Description of the task ::
Here the job is to transcribe the data exactly while omitting the images.

Collected data ::
================================

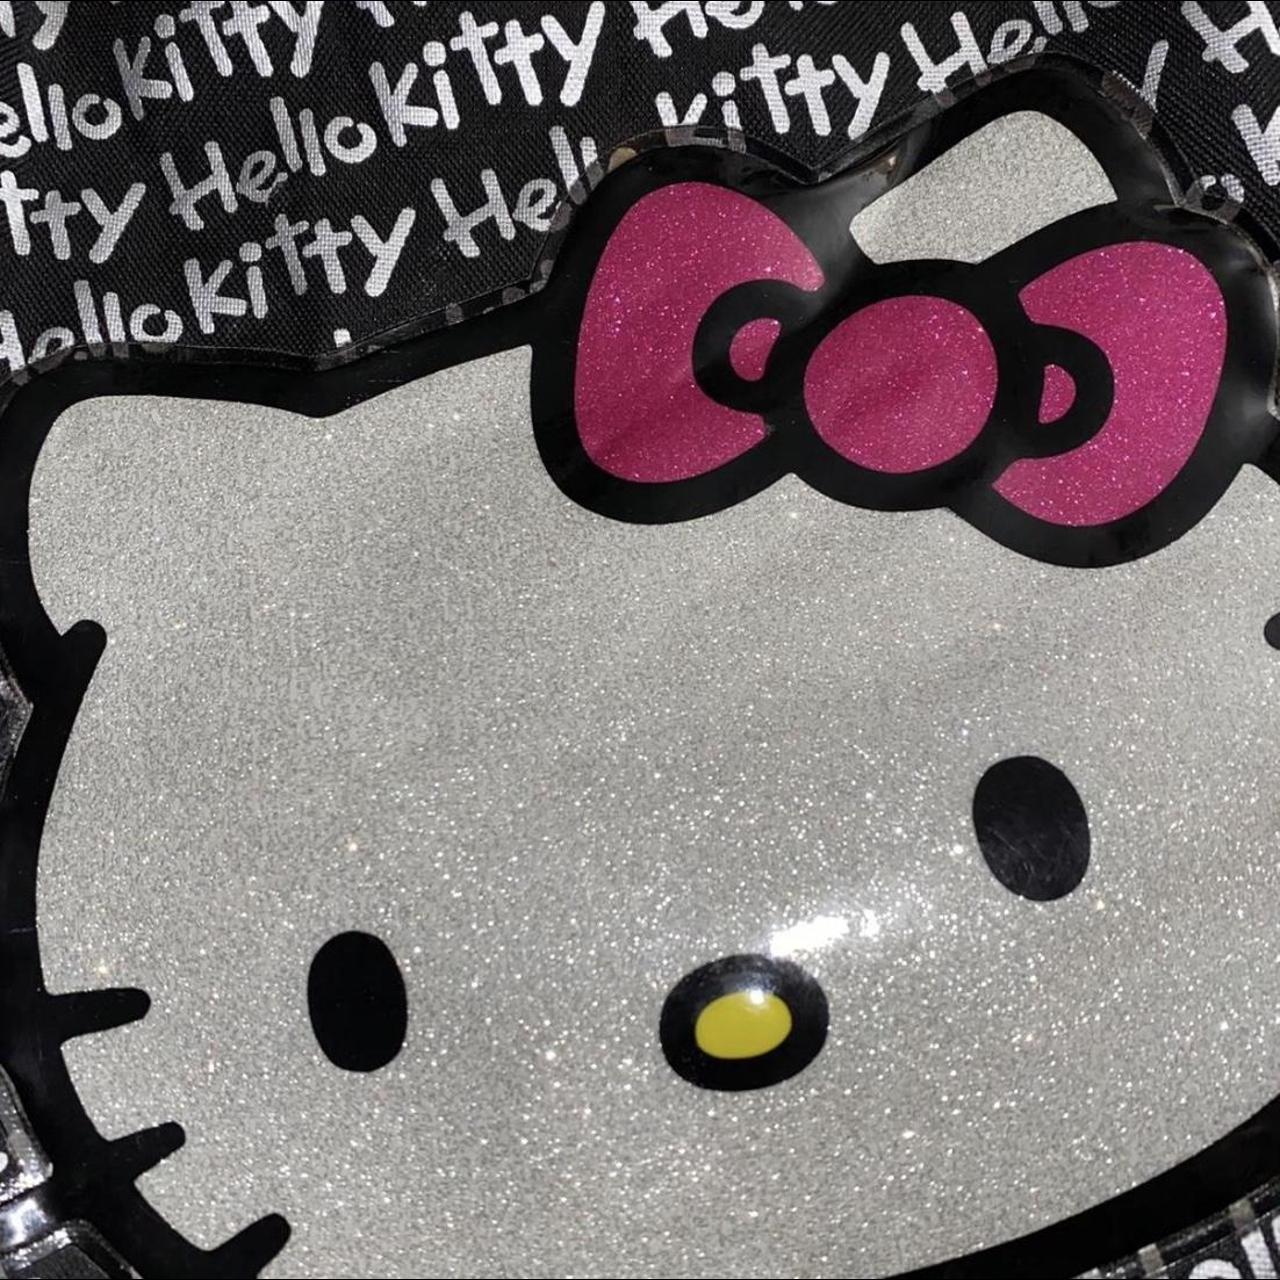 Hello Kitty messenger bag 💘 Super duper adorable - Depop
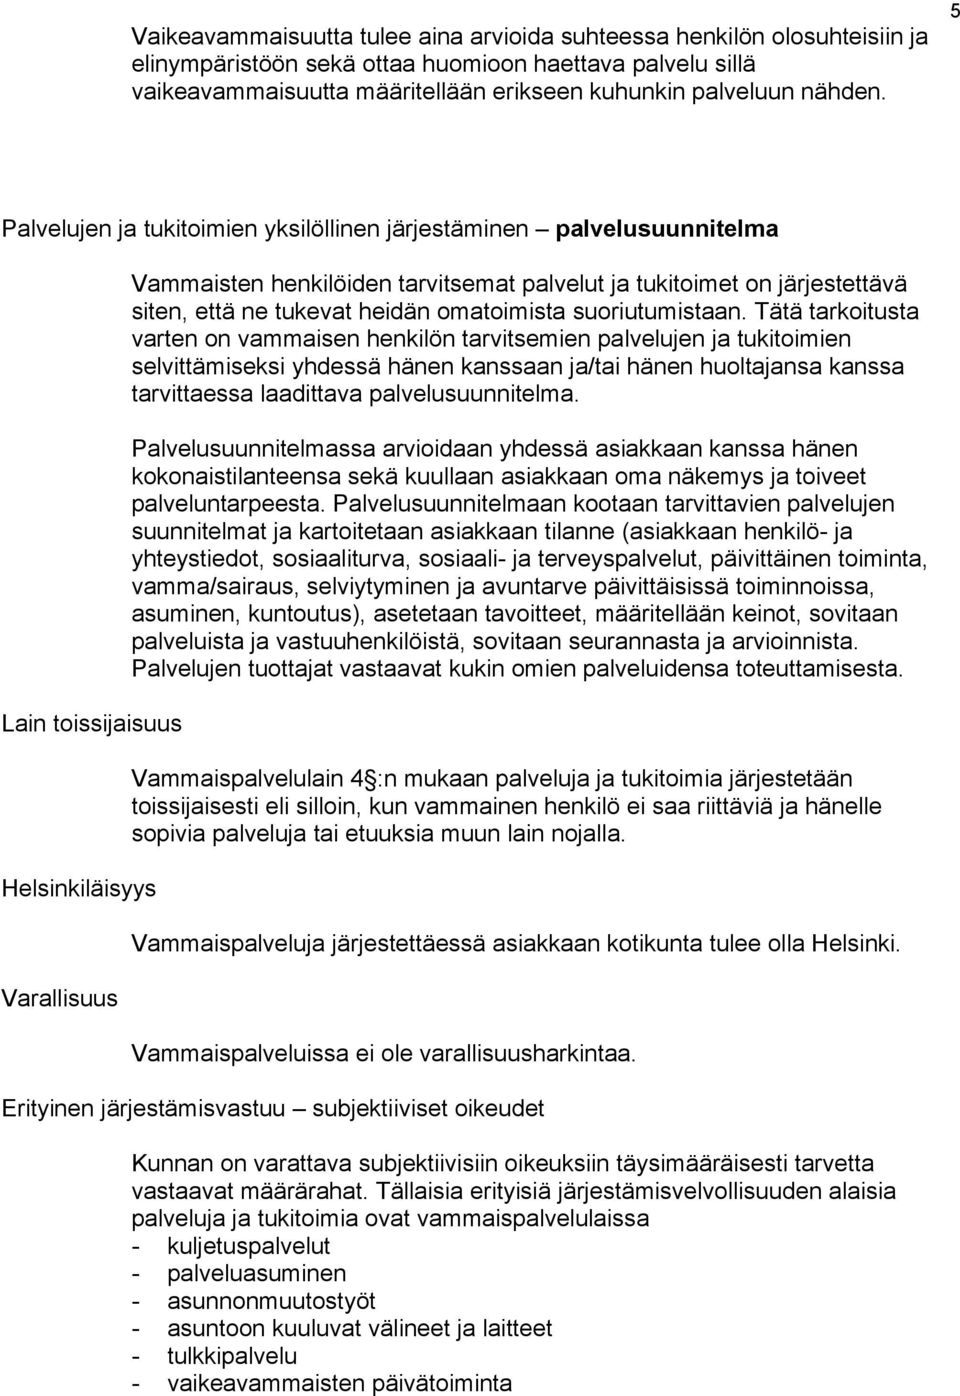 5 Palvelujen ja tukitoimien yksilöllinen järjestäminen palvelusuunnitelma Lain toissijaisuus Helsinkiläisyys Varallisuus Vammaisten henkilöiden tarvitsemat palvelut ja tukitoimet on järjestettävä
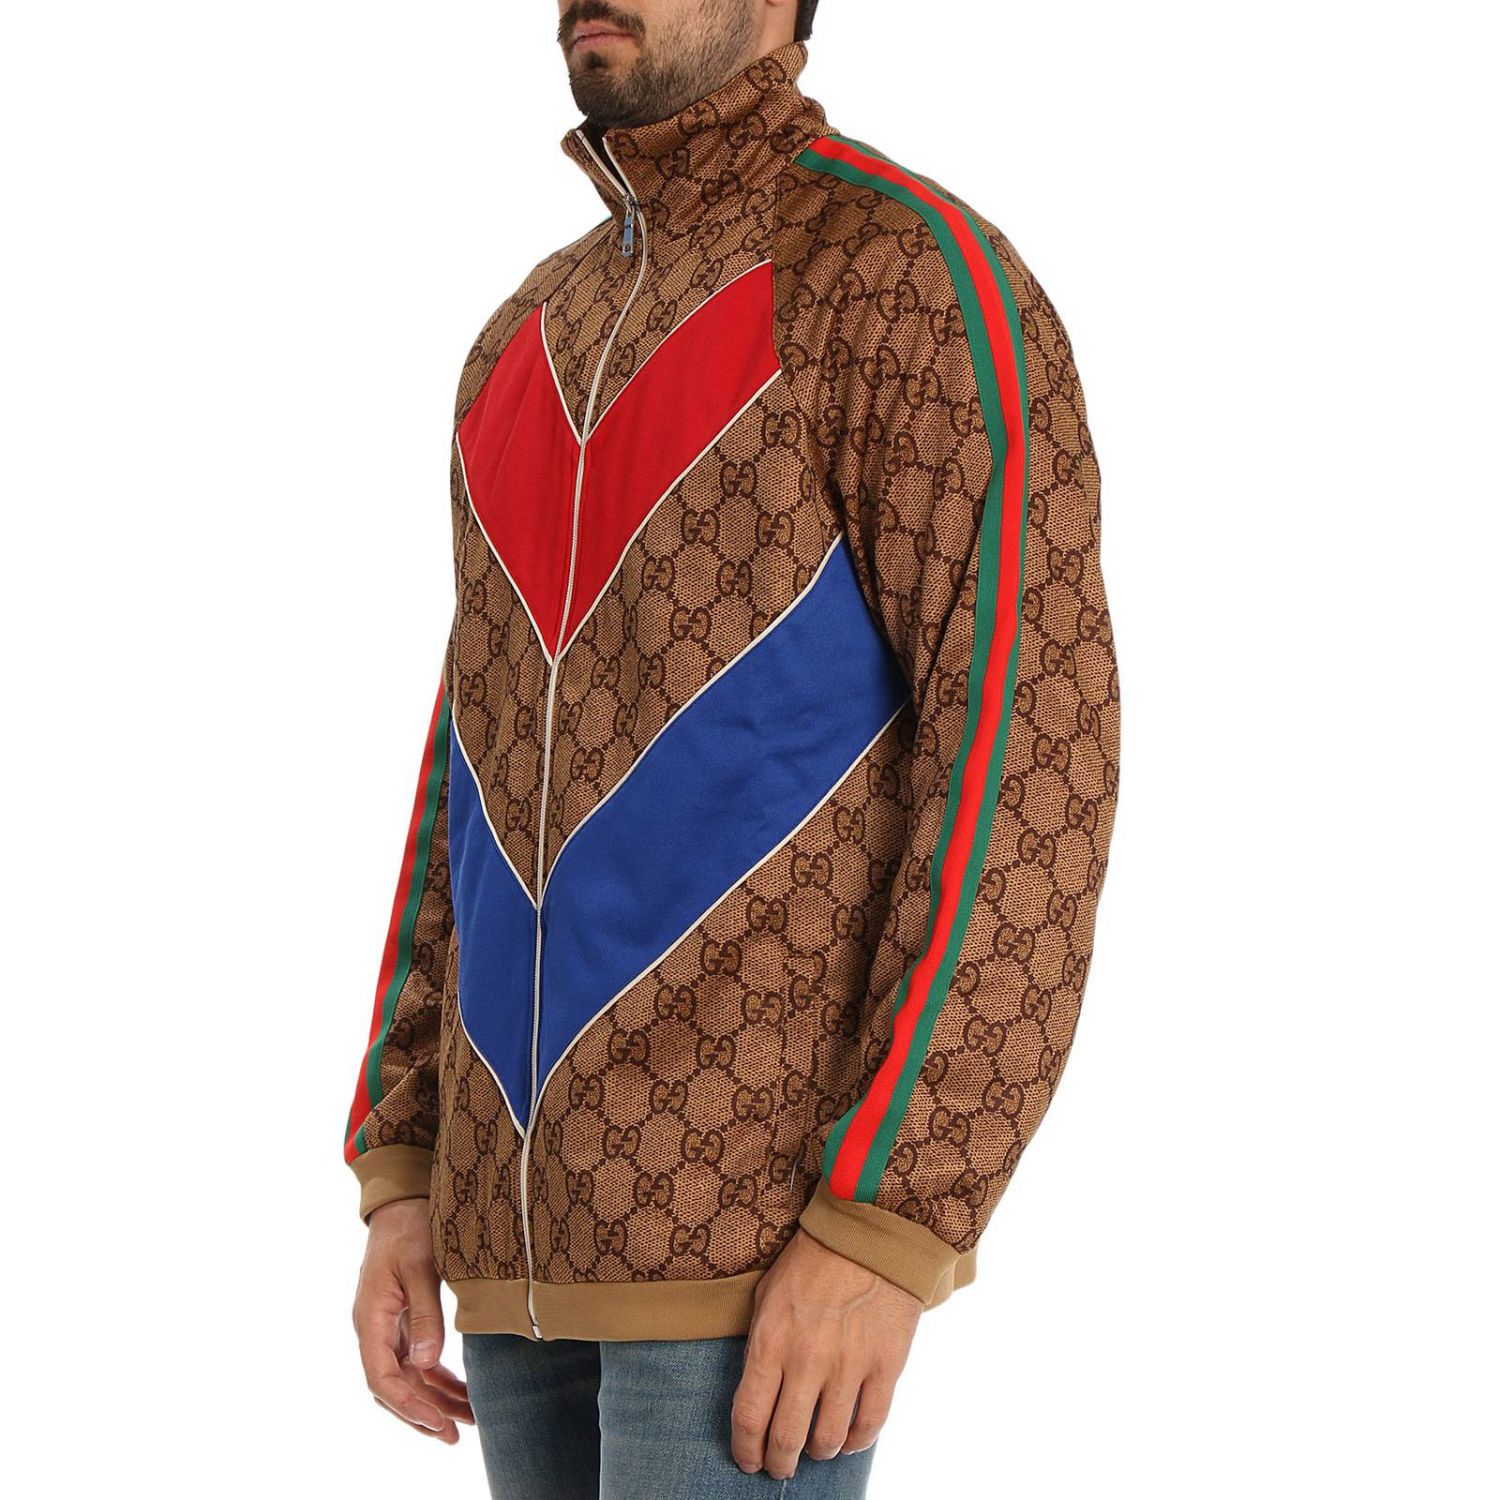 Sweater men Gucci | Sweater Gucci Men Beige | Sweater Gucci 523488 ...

================================

Result of the task ::
 Hello Kitty messenger bag 💘 Super duper adorable - Depop
 5 Palvelujen ja tukitoimien yksilöllinen järjestäminen palvelusuunnitelma Lain toissijaisuus Helsinkiläisyys Varallisuus Vammaisten henkilöiden tarvitsemat palvelut ja tukitoimet on järjestettävä
 Sweater men Gucci | Sweater Gucci Men Beige | Sweater Gucci 523488 ...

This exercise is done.